-------- SOURCE DATA

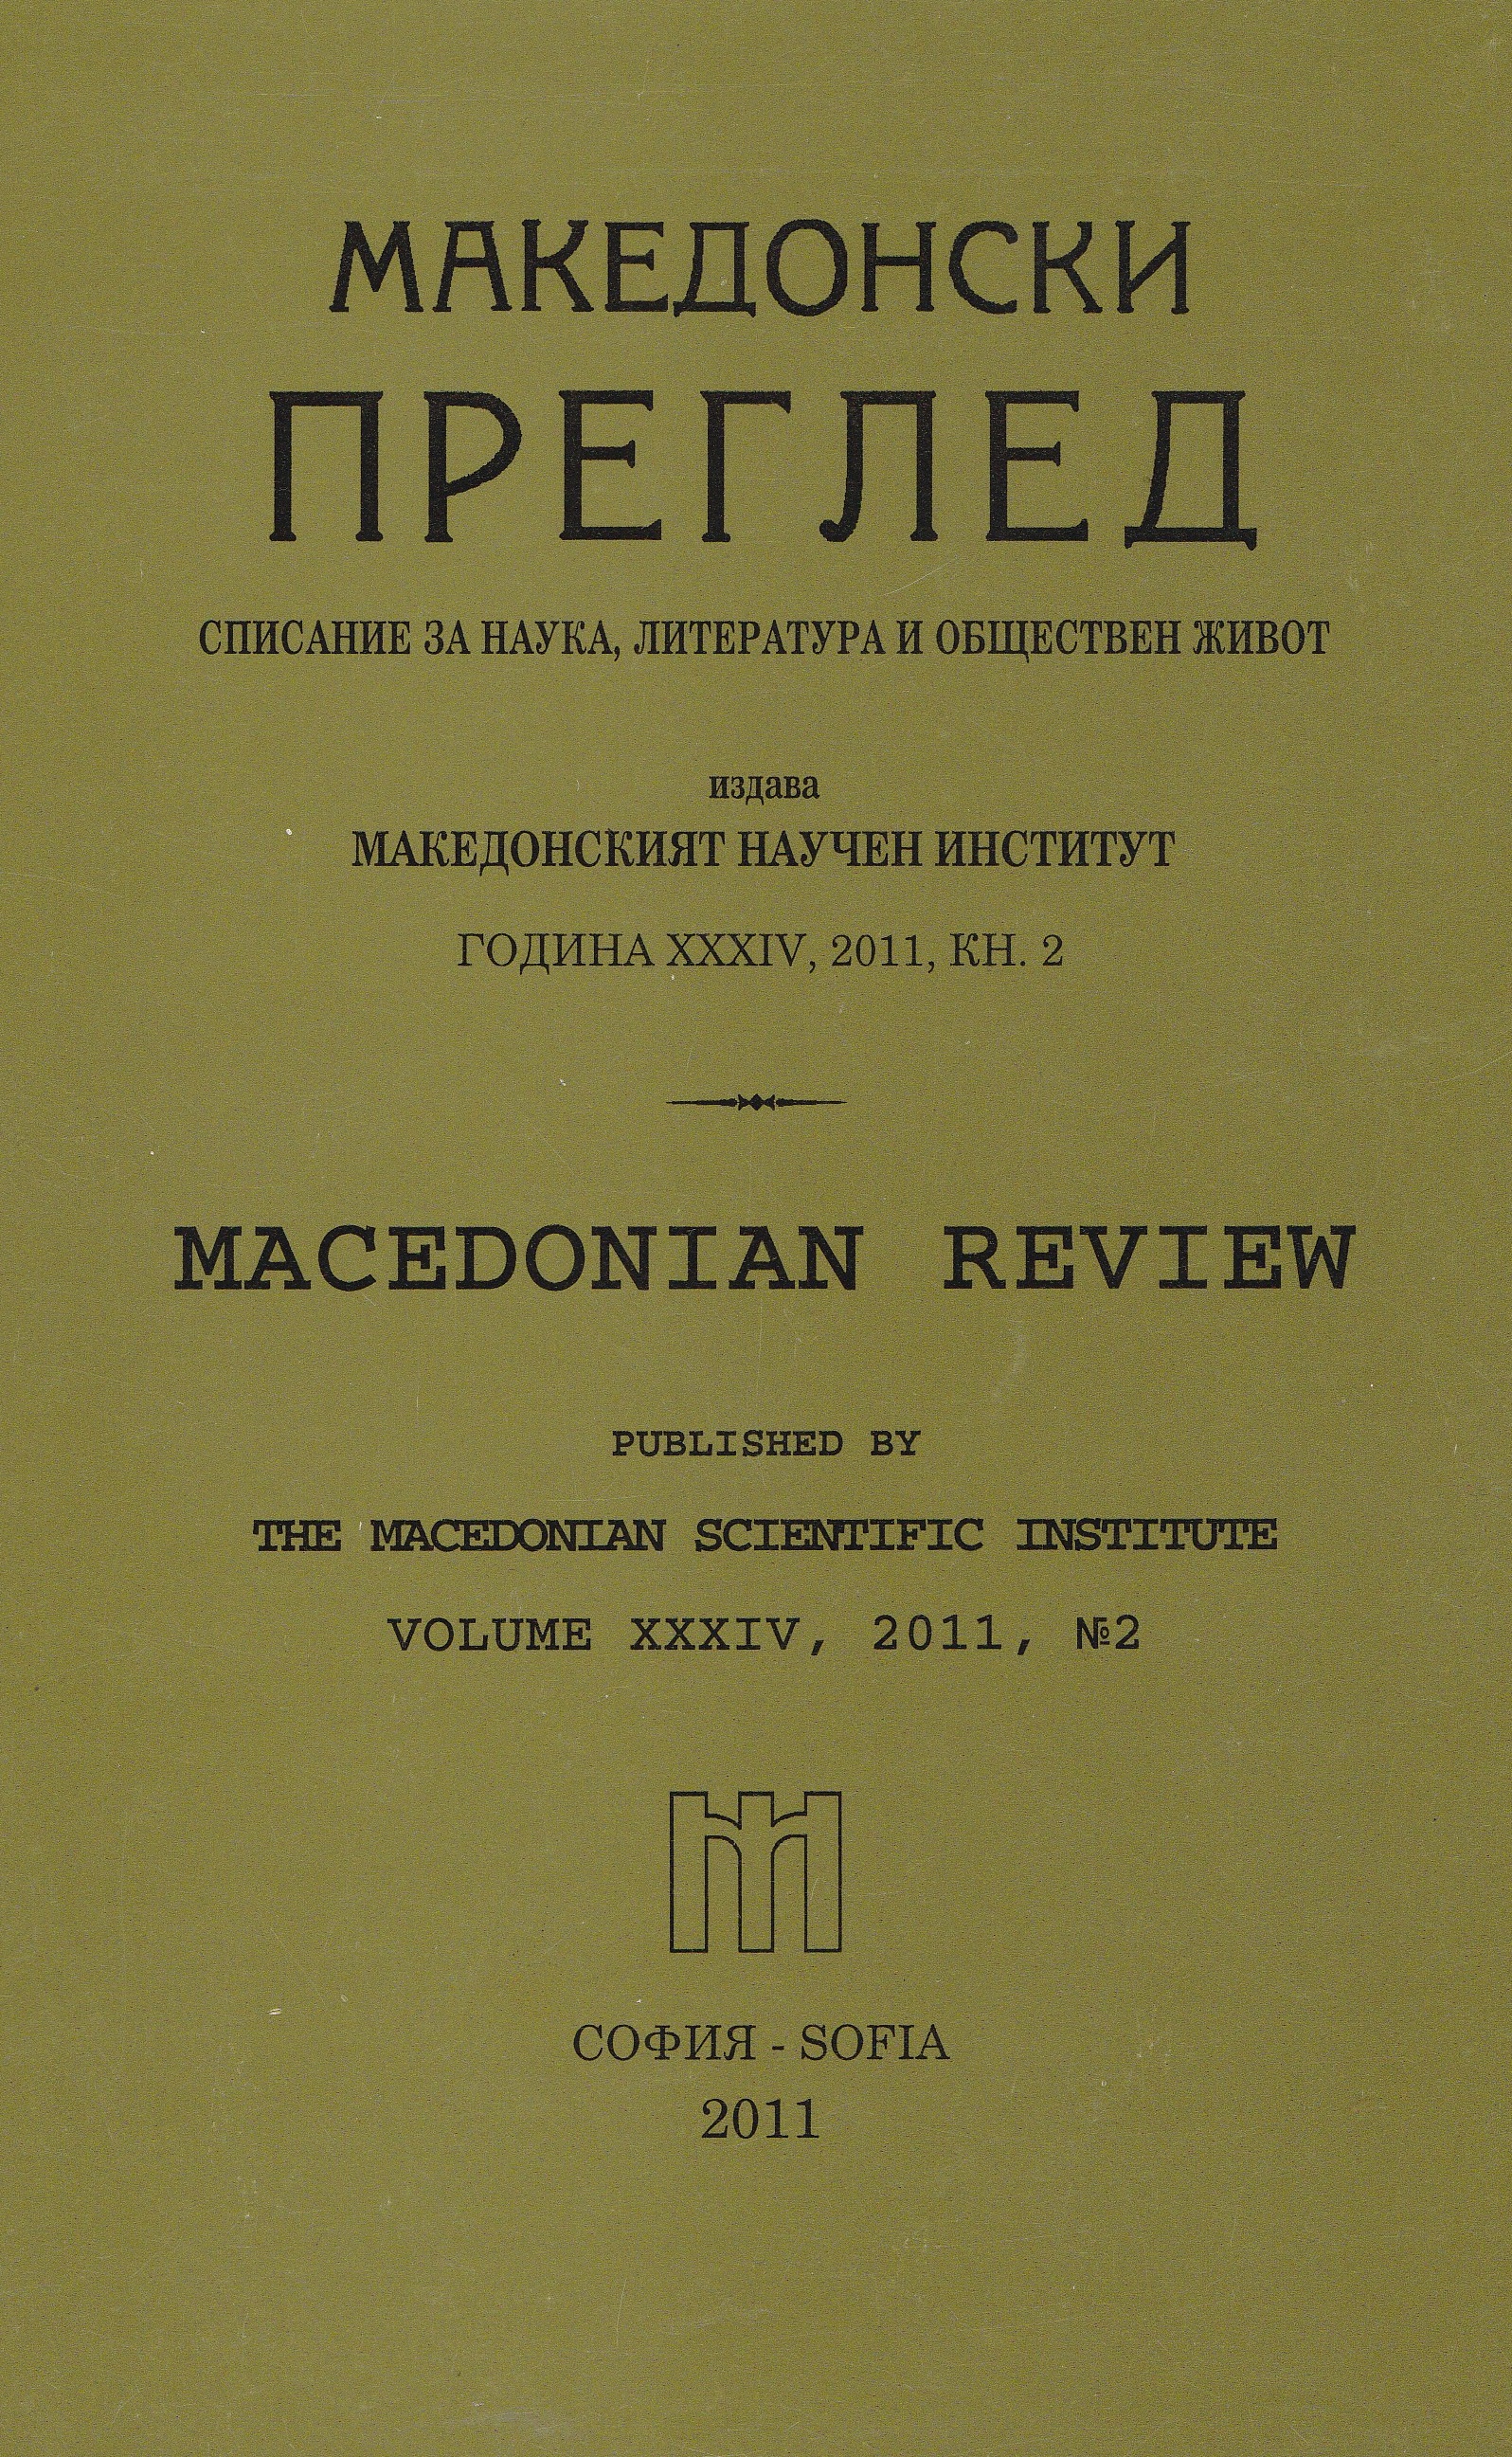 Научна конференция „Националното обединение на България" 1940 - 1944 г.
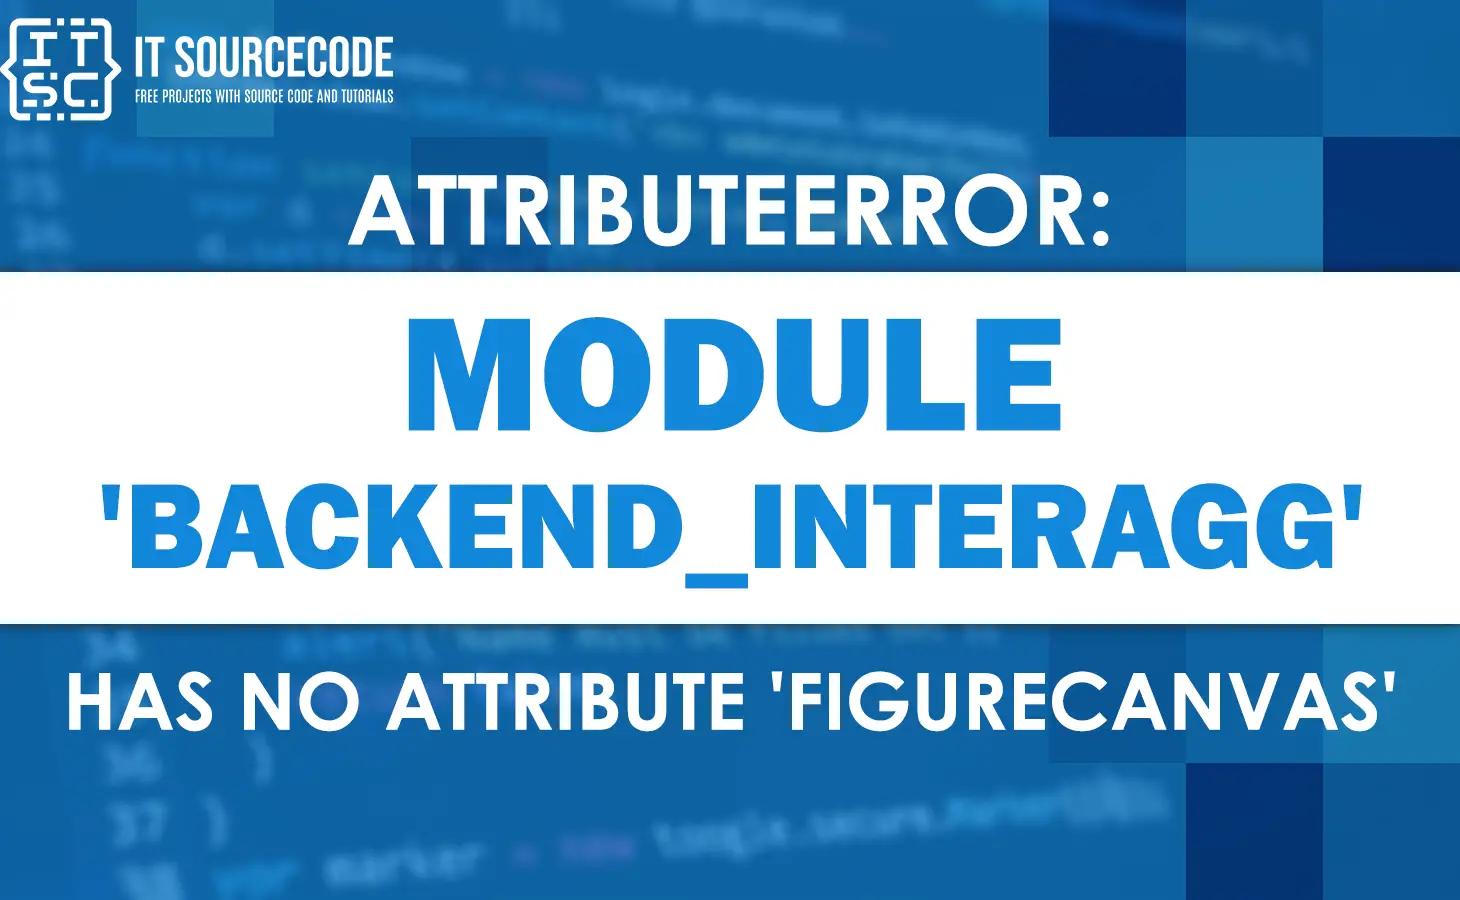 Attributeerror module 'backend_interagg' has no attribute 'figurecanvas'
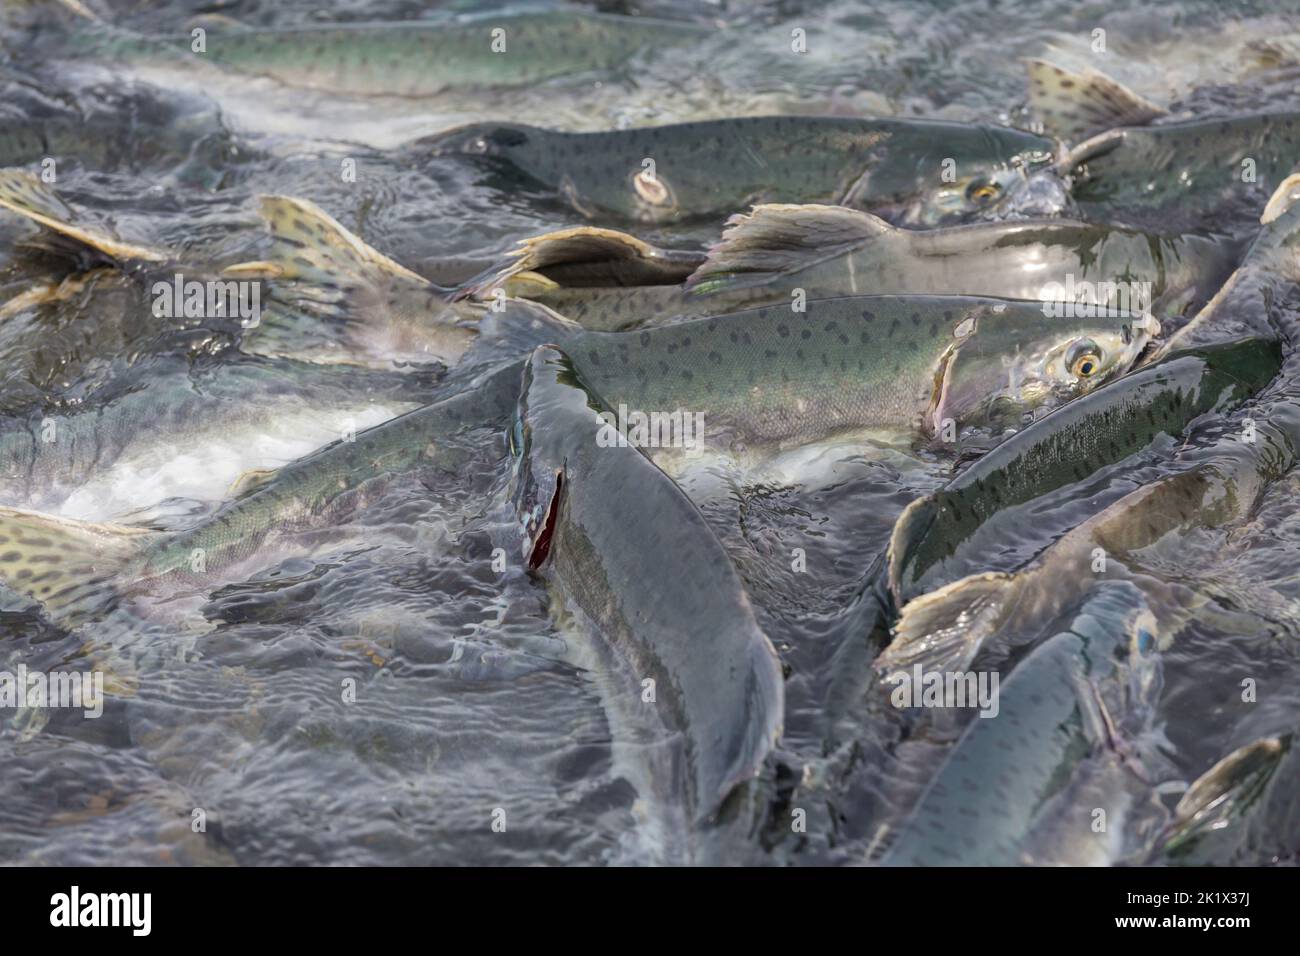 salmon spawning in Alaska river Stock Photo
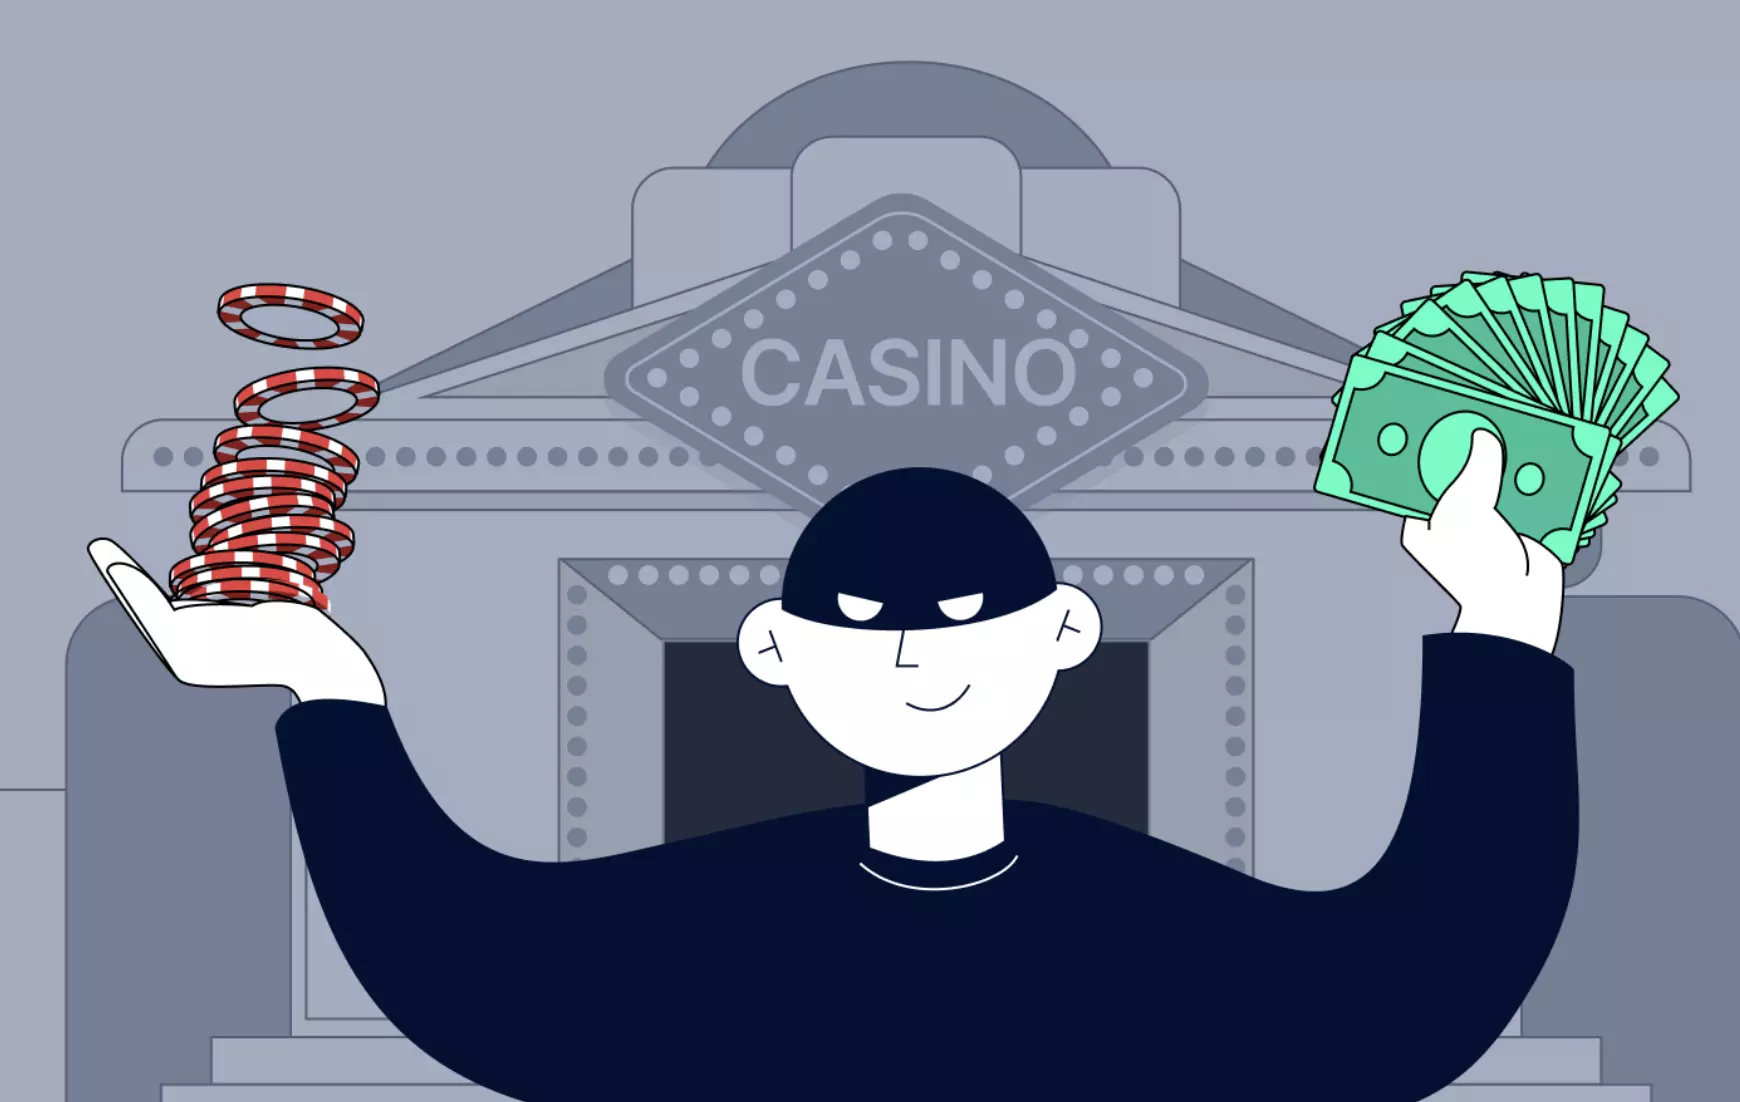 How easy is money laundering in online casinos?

----------------

» DESCRIPTION OF THE TASK
Print all of the data exactly, and do not carry over any pictures.

» ANSWER TO THIS EXERCISE
 Научна конференция „Националното обединение на България" 1940 - 1944 г.
 Attributeerror module 'backend_interagg' has no attribute 'figurecanvas'
 salmon spawning in Alaska river Stock Photo
 How easy is money laundering in online casinos?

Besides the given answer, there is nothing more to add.